> **Required action**:
After locating the line that contains "PENTECOST SUNDAY" in the data below, set down exactly that line and each one after it through the line that contains "High-quality printers made", and nothing more.

> **Data in this exercise**:
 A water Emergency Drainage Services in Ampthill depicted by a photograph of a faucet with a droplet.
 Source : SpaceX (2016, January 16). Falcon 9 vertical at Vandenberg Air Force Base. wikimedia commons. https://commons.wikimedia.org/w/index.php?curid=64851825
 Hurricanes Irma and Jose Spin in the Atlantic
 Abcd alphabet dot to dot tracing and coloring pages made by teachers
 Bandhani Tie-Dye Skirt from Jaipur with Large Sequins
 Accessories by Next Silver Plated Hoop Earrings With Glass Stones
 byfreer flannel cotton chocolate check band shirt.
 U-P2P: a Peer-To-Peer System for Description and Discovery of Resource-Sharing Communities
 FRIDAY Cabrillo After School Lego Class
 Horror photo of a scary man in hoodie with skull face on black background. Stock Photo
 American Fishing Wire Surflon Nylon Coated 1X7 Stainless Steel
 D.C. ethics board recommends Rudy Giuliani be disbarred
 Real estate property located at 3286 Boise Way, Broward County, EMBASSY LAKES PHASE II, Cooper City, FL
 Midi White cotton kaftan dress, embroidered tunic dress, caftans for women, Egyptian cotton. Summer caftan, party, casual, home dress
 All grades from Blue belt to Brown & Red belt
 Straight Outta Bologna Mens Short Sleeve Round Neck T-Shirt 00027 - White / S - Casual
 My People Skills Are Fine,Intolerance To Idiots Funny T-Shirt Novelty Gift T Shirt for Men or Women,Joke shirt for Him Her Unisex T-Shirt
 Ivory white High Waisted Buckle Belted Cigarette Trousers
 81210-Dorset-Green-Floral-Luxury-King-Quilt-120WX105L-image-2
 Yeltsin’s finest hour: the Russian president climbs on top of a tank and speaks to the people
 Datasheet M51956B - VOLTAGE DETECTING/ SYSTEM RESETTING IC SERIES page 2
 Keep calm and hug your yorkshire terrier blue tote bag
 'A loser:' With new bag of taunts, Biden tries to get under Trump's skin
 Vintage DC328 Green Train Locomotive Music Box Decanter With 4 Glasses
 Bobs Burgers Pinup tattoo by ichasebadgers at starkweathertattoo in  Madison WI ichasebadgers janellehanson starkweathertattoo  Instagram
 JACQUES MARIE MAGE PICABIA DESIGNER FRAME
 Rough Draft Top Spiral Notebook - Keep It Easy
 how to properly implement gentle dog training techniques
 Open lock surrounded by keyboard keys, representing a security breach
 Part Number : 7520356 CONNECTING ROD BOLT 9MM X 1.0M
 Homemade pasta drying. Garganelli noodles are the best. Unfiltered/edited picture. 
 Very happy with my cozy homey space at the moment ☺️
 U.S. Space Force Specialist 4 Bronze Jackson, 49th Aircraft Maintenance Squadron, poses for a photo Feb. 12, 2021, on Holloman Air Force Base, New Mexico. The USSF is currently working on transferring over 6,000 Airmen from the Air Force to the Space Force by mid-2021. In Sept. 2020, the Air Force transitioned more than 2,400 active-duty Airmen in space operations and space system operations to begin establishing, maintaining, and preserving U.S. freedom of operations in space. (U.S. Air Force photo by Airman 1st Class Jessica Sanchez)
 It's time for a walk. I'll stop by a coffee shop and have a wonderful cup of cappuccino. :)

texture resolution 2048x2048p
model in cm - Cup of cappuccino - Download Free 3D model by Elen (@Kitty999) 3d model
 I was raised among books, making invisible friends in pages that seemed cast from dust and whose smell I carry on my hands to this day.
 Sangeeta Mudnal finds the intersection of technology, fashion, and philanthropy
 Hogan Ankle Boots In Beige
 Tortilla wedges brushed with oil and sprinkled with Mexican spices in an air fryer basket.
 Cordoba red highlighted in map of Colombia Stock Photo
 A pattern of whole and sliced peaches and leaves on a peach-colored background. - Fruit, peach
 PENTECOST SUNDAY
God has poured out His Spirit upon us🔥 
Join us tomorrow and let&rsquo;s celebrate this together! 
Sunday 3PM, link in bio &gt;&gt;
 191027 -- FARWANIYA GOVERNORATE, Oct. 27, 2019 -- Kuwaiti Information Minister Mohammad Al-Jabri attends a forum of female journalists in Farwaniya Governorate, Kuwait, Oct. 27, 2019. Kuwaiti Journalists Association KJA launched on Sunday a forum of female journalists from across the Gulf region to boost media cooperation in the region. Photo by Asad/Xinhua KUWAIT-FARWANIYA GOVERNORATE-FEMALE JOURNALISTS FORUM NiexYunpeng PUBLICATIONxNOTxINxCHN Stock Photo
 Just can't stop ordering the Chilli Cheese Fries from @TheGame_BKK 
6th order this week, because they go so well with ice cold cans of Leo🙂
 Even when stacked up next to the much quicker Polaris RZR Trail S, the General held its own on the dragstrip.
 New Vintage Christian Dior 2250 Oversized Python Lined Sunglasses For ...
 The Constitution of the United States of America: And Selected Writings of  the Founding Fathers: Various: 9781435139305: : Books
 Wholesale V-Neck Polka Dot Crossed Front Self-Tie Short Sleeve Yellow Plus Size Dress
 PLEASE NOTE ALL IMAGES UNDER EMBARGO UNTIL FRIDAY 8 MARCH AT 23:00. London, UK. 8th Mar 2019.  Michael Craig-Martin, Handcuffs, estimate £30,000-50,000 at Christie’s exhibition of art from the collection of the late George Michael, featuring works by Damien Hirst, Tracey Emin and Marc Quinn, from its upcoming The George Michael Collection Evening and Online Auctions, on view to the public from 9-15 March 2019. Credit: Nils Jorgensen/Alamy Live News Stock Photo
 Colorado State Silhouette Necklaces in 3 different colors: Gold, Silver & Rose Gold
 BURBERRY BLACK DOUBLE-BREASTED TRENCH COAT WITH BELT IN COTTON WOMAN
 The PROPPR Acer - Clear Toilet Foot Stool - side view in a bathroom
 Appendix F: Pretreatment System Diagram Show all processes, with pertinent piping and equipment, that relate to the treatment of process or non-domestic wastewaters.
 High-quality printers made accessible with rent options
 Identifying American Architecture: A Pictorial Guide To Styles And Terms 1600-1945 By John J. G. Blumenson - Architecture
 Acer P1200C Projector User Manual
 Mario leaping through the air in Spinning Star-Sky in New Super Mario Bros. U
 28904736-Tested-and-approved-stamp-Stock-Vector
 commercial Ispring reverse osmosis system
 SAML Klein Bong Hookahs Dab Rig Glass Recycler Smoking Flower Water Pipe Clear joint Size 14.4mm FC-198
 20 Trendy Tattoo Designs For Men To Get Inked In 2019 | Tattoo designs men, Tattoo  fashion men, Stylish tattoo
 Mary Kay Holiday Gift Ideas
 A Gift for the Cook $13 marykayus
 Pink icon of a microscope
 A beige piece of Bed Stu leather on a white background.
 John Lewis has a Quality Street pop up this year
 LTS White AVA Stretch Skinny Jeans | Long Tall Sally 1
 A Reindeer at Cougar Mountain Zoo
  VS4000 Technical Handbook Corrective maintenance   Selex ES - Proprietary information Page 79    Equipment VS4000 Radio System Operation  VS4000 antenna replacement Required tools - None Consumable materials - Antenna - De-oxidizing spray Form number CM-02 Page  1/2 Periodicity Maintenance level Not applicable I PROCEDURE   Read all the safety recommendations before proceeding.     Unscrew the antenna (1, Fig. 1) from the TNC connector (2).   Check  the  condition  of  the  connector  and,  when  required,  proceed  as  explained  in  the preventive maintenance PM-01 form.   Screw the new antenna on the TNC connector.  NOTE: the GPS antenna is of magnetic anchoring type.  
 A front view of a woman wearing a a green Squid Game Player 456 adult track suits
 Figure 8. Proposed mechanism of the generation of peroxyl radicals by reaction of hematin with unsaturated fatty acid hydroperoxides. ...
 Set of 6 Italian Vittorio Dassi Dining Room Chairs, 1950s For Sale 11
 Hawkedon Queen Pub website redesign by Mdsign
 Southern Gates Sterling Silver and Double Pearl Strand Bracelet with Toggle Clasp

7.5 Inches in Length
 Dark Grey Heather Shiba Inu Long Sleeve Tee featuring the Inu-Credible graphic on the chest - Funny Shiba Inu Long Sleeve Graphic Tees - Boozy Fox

> **Result of the task**:
 PENTECOST SUNDAY
God has poured out His Spirit upon us🔥 
Join us tomorrow and let&rsquo;s celebrate this together! 
Sunday 3PM, link in bio &gt;&gt;
 191027 -- FARWANIYA GOVERNORATE, Oct. 27, 2019 -- Kuwaiti Information Minister Mohammad Al-Jabri attends a forum of female journalists in Farwaniya Governorate, Kuwait, Oct. 27, 2019. Kuwaiti Journalists Association KJA launched on Sunday a forum of female journalists from across the Gulf region to boost media cooperation in the region. Photo by Asad/Xinhua KUWAIT-FARWANIYA GOVERNORATE-FEMALE JOURNALISTS FORUM NiexYunpeng PUBLICATIONxNOTxINxCHN Stock Photo
 Just can't stop ordering the Chilli Cheese Fries from @TheGame_BKK 
6th order this week, because they go so well with ice cold cans of Leo🙂
 Even when stacked up next to the much quicker Polaris RZR Trail S, the General held its own on the dragstrip.
 New Vintage Christian Dior 2250 Oversized Python Lined Sunglasses For ...
 The Constitution of the United States of America: And Selected Writings of  the Founding Fathers: Various: 9781435139305: : Books
 Wholesale V-Neck Polka Dot Crossed Front Self-Tie Short Sleeve Yellow Plus Size Dress
 PLEASE NOTE ALL IMAGES UNDER EMBARGO UNTIL FRIDAY 8 MARCH AT 23:00. London, UK. 8th Mar 2019.  Michael Craig-Martin, Handcuffs, estimate £30,000-50,000 at Christie’s exhibition of art from the collection of the late George Michael, featuring works by Damien Hirst, Tracey Emin and Marc Quinn, from its upcoming The George Michael Collection Evening and Online Auctions, on view to the public from 9-15 March 2019. Credit: Nils Jorgensen/Alamy Live News Stock Photo
 Colorado State Silhouette Necklaces in 3 different colors: Gold, Silver & Rose Gold
 BURBERRY BLACK DOUBLE-BREASTED TRENCH COAT WITH BELT IN COTTON WOMAN
 The PROPPR Acer - Clear Toilet Foot Stool - side view in a bathroom
 Appendix F: Pretreatment System Diagram Show all processes, with pertinent piping and equipment, that relate to the treatment of process or non-domestic wastewaters.
 High-quality printers made accessible with rent options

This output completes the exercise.